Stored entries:
┄┄┄┄┄┄┄┄┄┄┄┄┄┄┄┄┄┄┄┄

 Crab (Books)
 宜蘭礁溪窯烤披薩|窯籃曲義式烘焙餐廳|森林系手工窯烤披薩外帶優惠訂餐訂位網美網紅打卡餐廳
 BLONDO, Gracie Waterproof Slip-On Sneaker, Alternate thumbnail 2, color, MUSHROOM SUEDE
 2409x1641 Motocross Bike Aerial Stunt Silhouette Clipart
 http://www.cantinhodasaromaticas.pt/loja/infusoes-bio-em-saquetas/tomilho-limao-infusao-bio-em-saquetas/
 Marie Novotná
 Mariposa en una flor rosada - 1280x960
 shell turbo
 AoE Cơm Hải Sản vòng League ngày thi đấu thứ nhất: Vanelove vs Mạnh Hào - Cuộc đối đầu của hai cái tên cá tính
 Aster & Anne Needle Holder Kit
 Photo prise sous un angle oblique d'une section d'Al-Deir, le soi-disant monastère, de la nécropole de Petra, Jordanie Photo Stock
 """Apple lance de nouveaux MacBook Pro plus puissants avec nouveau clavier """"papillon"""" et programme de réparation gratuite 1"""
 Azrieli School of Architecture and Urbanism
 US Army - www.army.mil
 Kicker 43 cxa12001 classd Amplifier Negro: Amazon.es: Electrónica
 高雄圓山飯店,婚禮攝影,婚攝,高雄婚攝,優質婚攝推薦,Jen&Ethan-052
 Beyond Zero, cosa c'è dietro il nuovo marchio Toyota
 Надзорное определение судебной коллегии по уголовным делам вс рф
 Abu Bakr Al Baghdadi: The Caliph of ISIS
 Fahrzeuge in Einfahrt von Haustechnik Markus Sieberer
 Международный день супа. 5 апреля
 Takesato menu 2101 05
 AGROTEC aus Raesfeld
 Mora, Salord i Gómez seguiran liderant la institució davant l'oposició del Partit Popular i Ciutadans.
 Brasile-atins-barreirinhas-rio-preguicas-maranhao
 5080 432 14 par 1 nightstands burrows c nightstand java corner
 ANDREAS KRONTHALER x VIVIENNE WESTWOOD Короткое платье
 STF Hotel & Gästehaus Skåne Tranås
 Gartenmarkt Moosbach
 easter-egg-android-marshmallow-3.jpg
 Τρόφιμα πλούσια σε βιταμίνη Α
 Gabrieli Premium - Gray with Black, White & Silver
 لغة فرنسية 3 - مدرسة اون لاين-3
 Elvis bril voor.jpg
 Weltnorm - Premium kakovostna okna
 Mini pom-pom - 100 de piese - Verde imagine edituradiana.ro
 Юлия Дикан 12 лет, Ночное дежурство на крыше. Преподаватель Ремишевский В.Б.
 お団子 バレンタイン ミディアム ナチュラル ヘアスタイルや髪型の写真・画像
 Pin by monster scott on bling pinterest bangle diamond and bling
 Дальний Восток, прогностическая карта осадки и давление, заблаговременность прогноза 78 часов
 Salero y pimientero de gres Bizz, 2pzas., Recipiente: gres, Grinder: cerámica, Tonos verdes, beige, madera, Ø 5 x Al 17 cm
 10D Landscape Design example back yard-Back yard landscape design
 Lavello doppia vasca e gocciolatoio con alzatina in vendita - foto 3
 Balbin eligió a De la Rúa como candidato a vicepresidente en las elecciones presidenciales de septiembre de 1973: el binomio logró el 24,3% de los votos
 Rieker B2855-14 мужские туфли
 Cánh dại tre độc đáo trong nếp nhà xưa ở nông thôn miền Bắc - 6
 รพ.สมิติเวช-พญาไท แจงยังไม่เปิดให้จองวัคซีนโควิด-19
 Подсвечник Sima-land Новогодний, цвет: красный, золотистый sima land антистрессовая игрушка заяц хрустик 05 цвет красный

┄┄┄┄┄┄┄┄┄┄┄┄┄┄┄┄┄┄┄┄

**TO DO**
Among the entries above, how many lines hold the string "Premium"? Answer with the number only.

**YOUR SOLUTION**
2